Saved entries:
══════════

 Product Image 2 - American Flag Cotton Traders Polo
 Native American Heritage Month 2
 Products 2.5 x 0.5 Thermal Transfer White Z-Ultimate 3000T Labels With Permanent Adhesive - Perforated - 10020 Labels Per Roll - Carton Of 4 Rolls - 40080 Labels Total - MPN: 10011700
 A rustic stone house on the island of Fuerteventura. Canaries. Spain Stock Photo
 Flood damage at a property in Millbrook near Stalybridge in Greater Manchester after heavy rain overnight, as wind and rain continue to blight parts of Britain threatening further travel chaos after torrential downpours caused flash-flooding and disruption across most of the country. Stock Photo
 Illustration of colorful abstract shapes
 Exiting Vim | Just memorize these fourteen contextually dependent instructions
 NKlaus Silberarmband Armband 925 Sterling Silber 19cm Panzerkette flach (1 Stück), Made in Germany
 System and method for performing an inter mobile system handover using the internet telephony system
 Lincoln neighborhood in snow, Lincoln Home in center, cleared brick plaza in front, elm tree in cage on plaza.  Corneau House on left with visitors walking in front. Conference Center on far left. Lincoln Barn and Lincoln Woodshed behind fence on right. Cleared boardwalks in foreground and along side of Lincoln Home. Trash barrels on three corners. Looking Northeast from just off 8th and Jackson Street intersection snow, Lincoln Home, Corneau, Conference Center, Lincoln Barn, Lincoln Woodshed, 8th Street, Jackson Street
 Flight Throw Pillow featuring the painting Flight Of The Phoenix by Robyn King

══════════

Begin with the first line of the records and finish with the line containing "A rustic stone". Reproduce those lines exactly, both ends included, and nothing else.

 Product Image 2 - American Flag Cotton Traders Polo
 Native American Heritage Month 2
 Products 2.5 x 0.5 Thermal Transfer White Z-Ultimate 3000T Labels With Permanent Adhesive - Perforated - 10020 Labels Per Roll - Carton Of 4 Rolls - 40080 Labels Total - MPN: 10011700
 A rustic stone house on the island of Fuerteventura. Canaries. Spain Stock Photo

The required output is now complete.